#### TASK ITEM:
Leave out the pictures and repeat exactly the lines from the one containing "Em 2021 a apresentadora" through the final line of the listing below.

#### INFORMATION SUPPLIED:
# # #

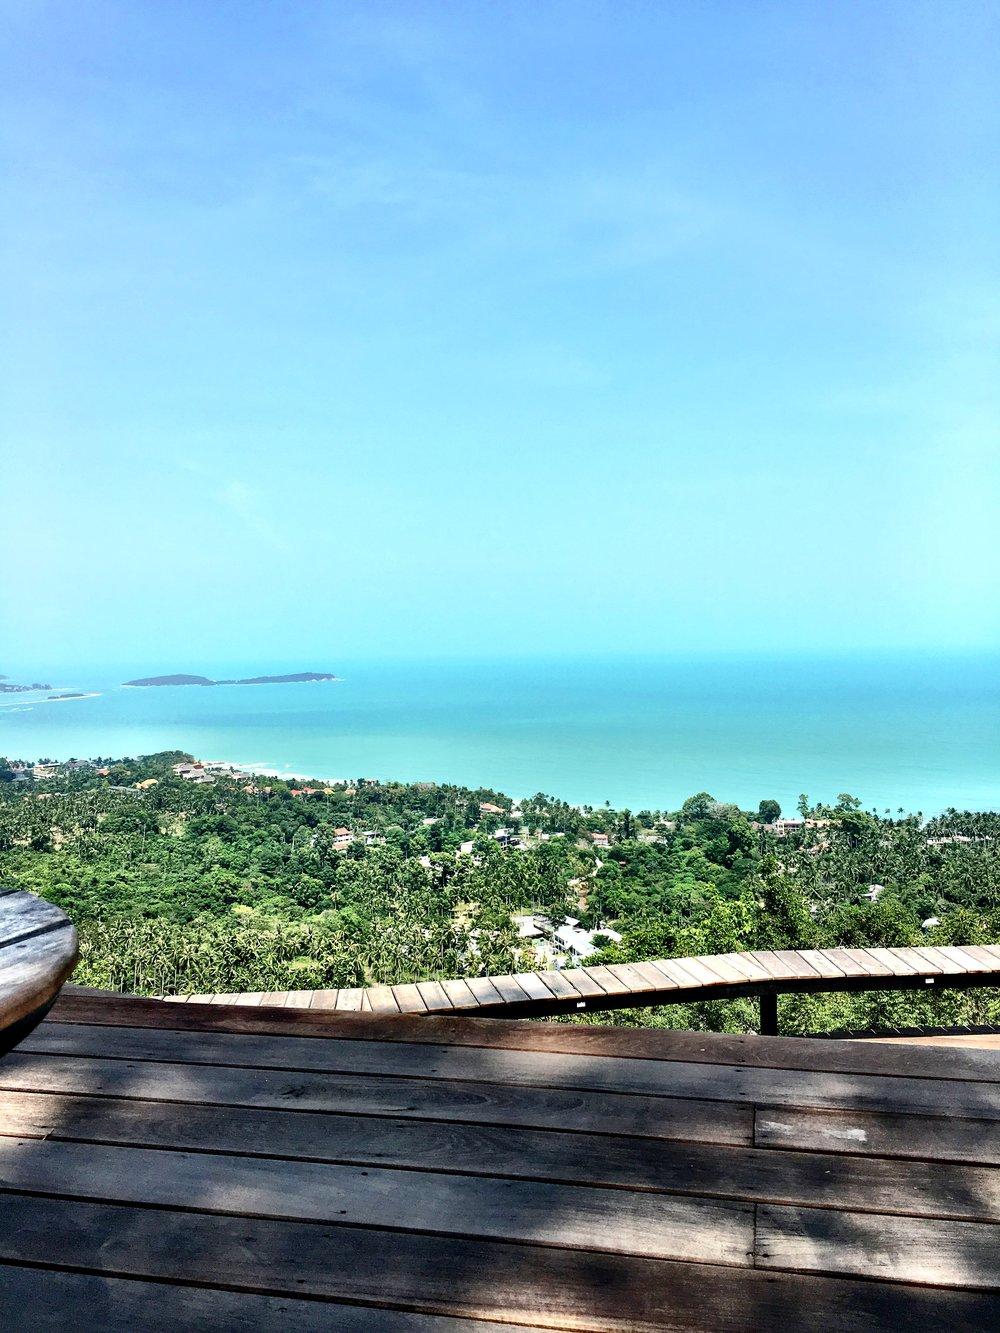 thailand koh samui jungle club ocean view
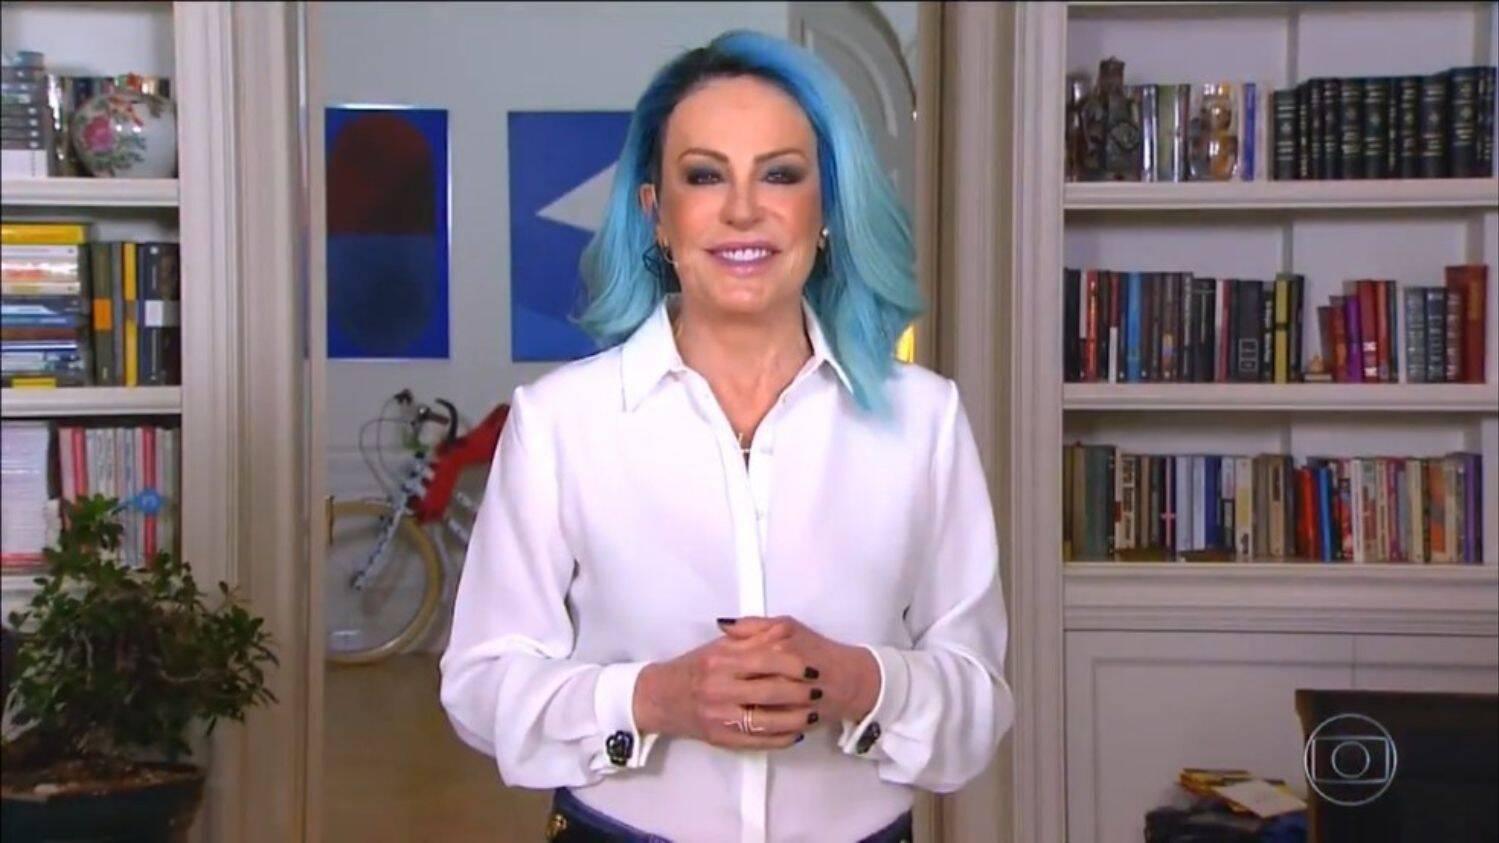 Em 2021 a apresentadora quis renovar no visual e apostou na cor azul. (Foto: Reprodução/ Pinterest)
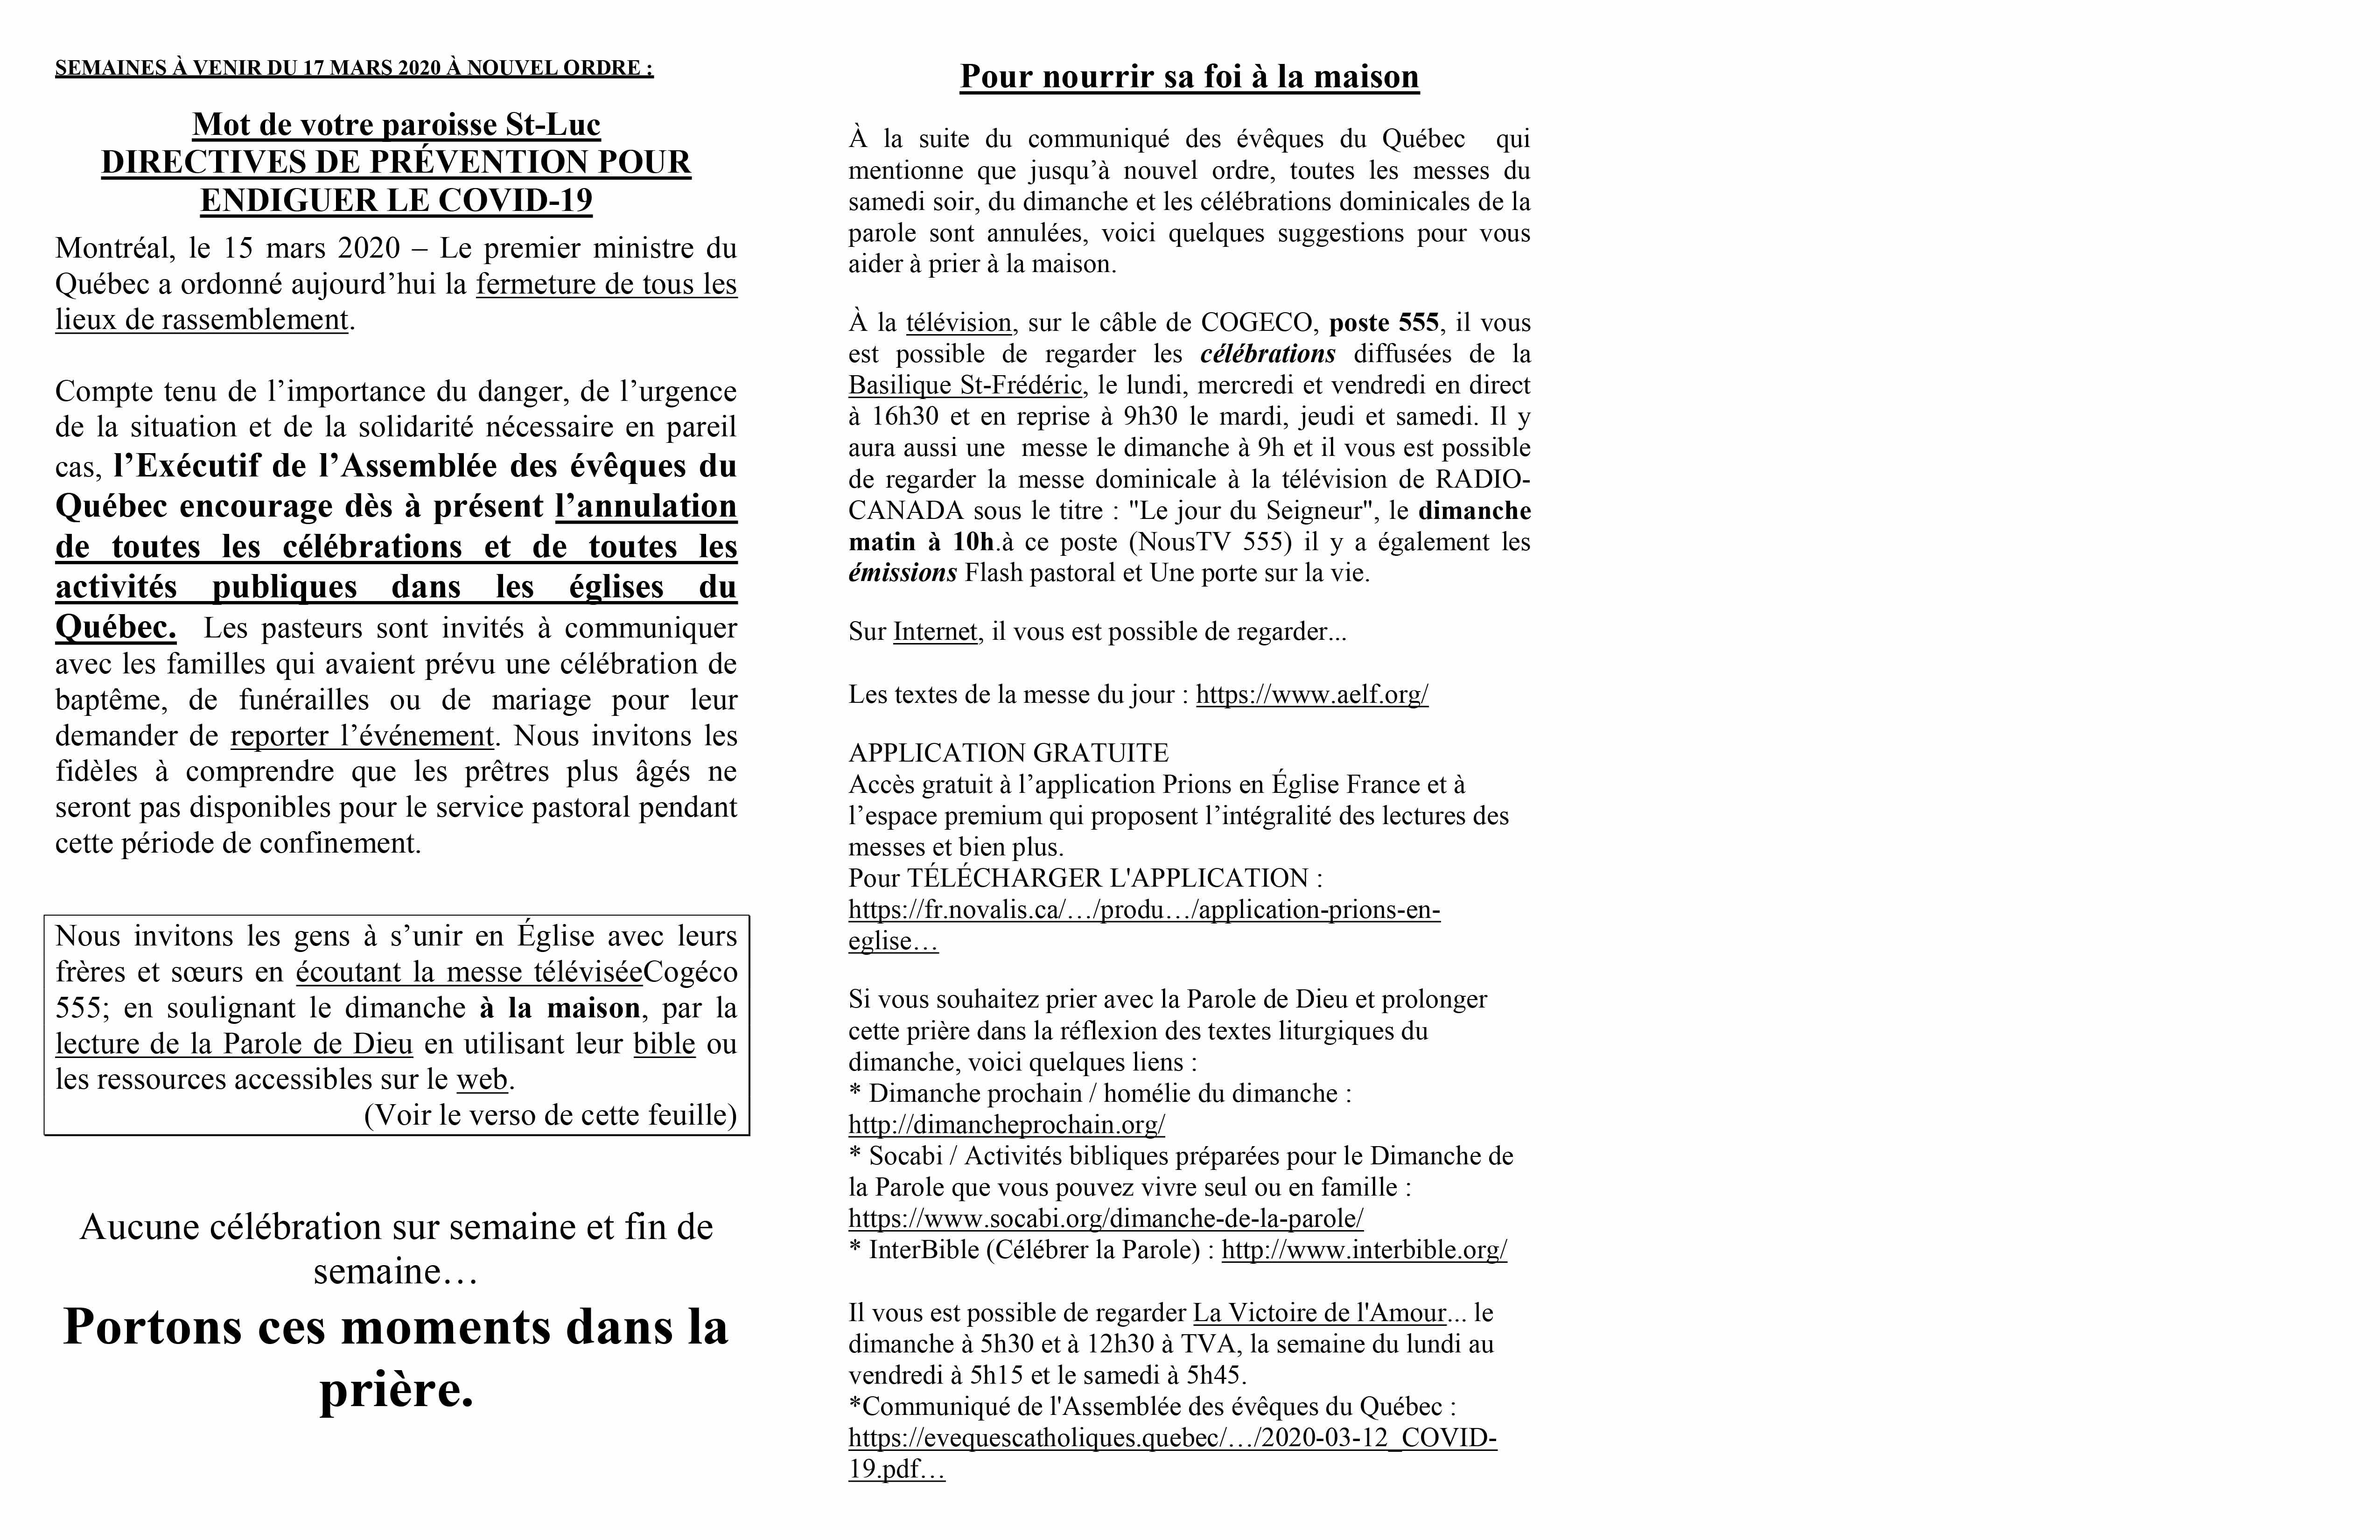 Feuillet-paroissial-St-Luc-17-mars-2020
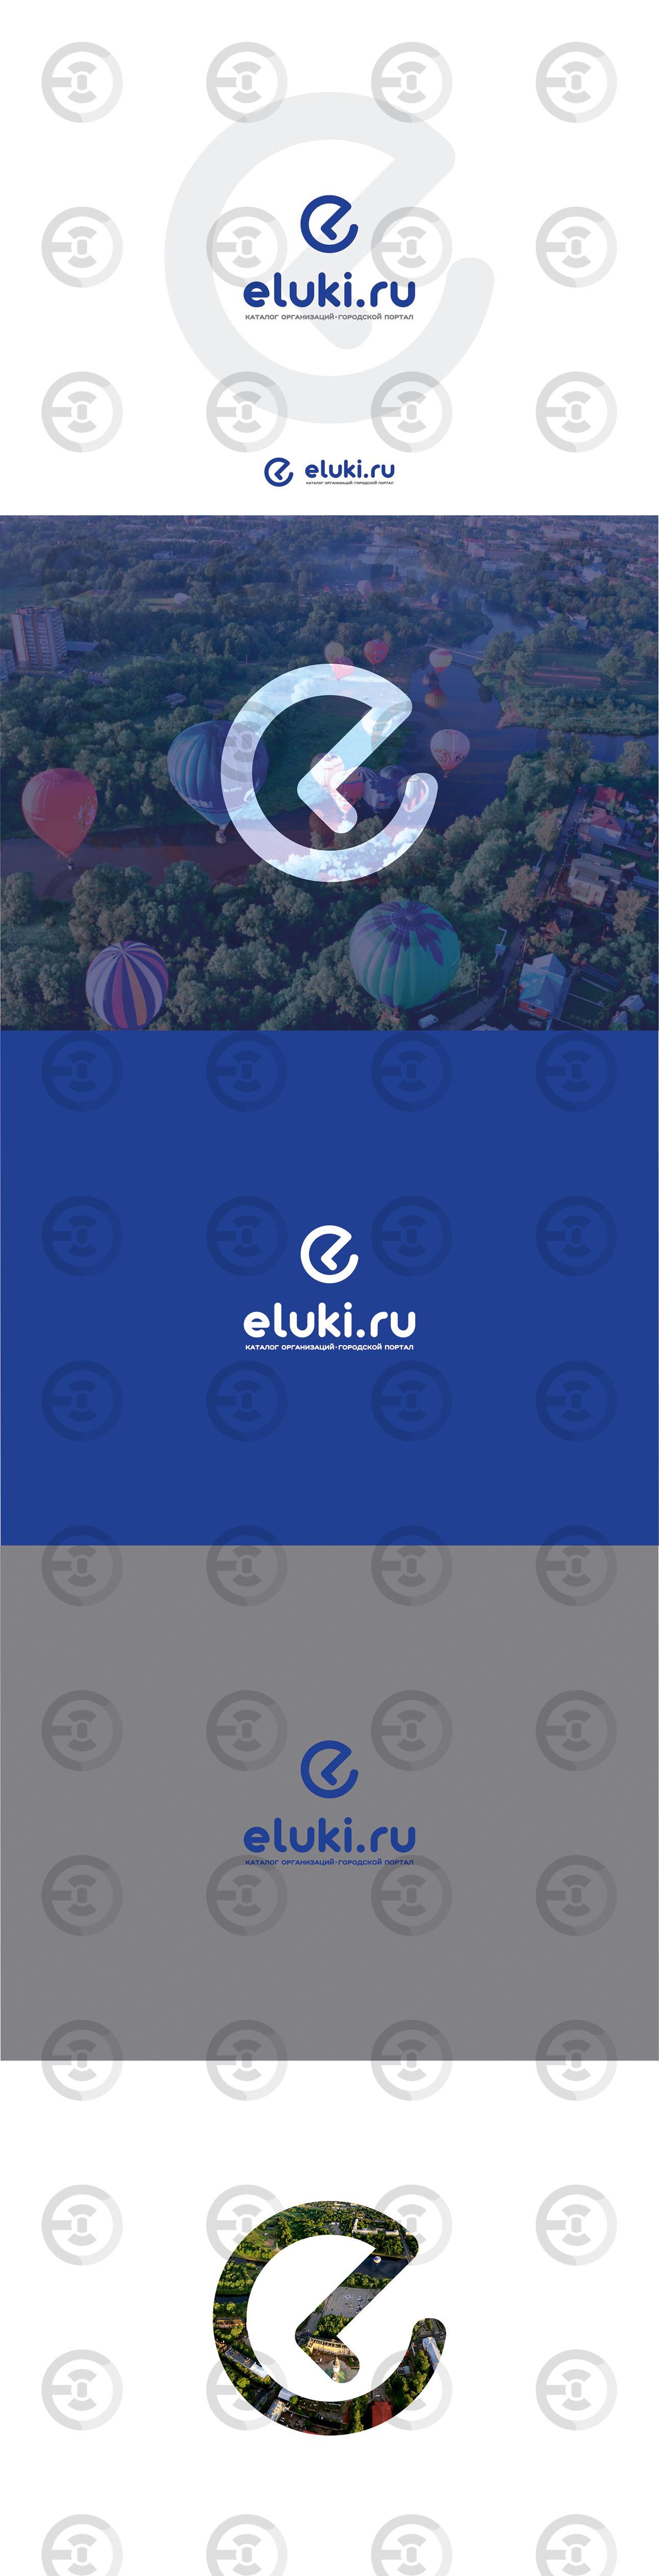 Eluki.ru.jpg
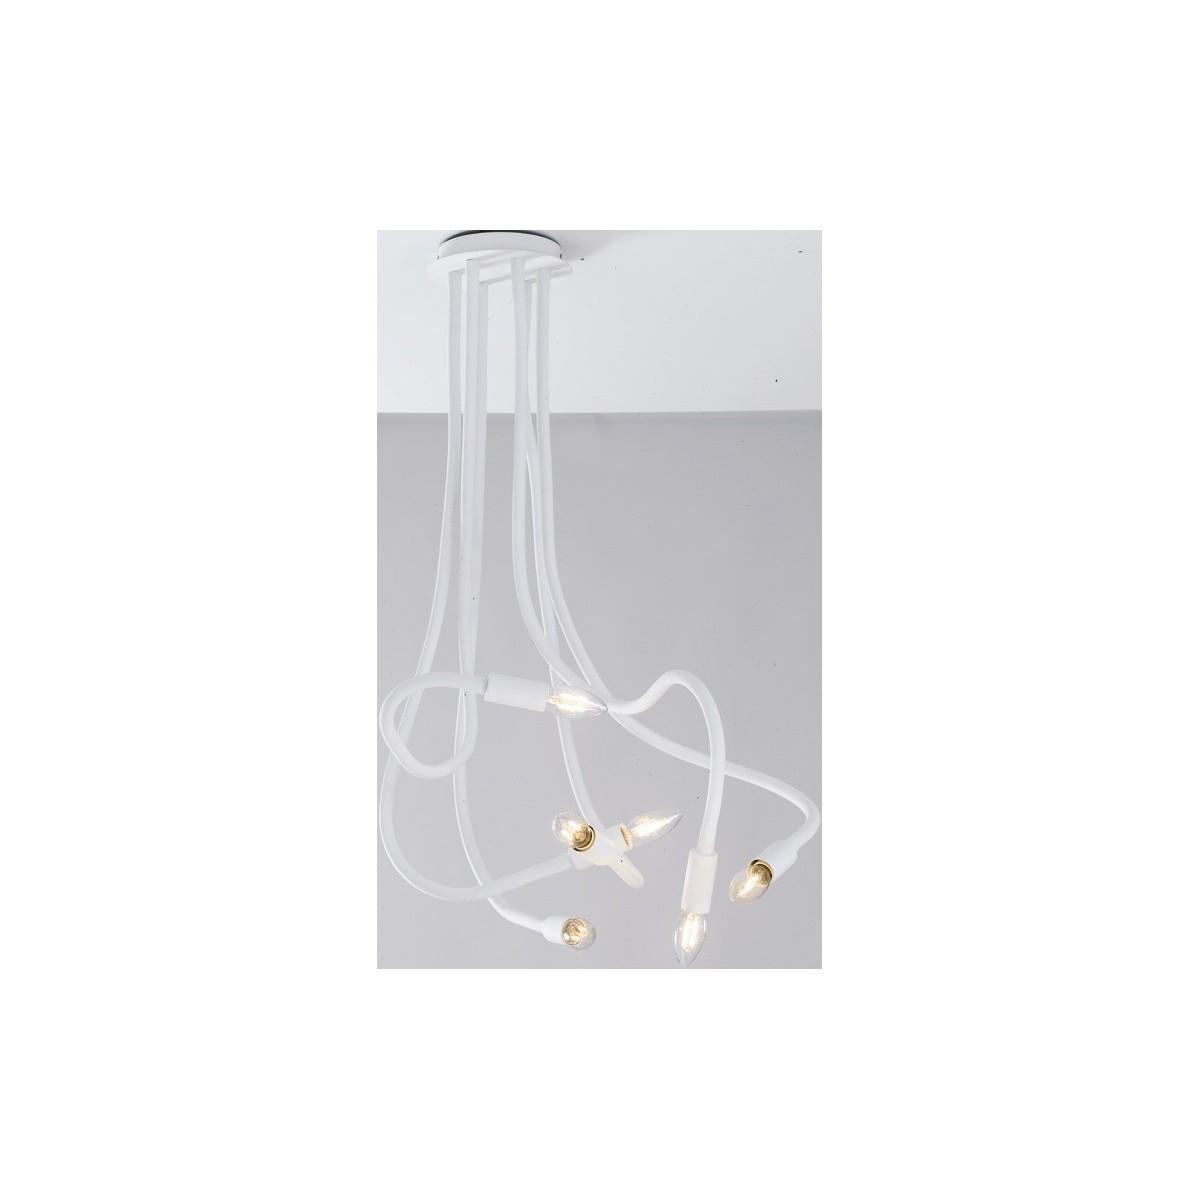 I-LOVER-6-BCO - Plafoniera 6 luci Flessibile Metallo Silicone Bianco Soffitto Moderna E14

# # #

#### ANSWER:
 Em 2021 a apresentadora quis renovar no visual e apostou na cor azul. (Foto: Reprodução/ Pinterest)
 Feuillet-paroissial-St-Luc-17-mars-2020
 Eluki.ru.jpg
 I-LOVER-6-BCO - Plafoniera 6 luci Flessibile Metallo Silicone Bianco Soffitto Moderna E14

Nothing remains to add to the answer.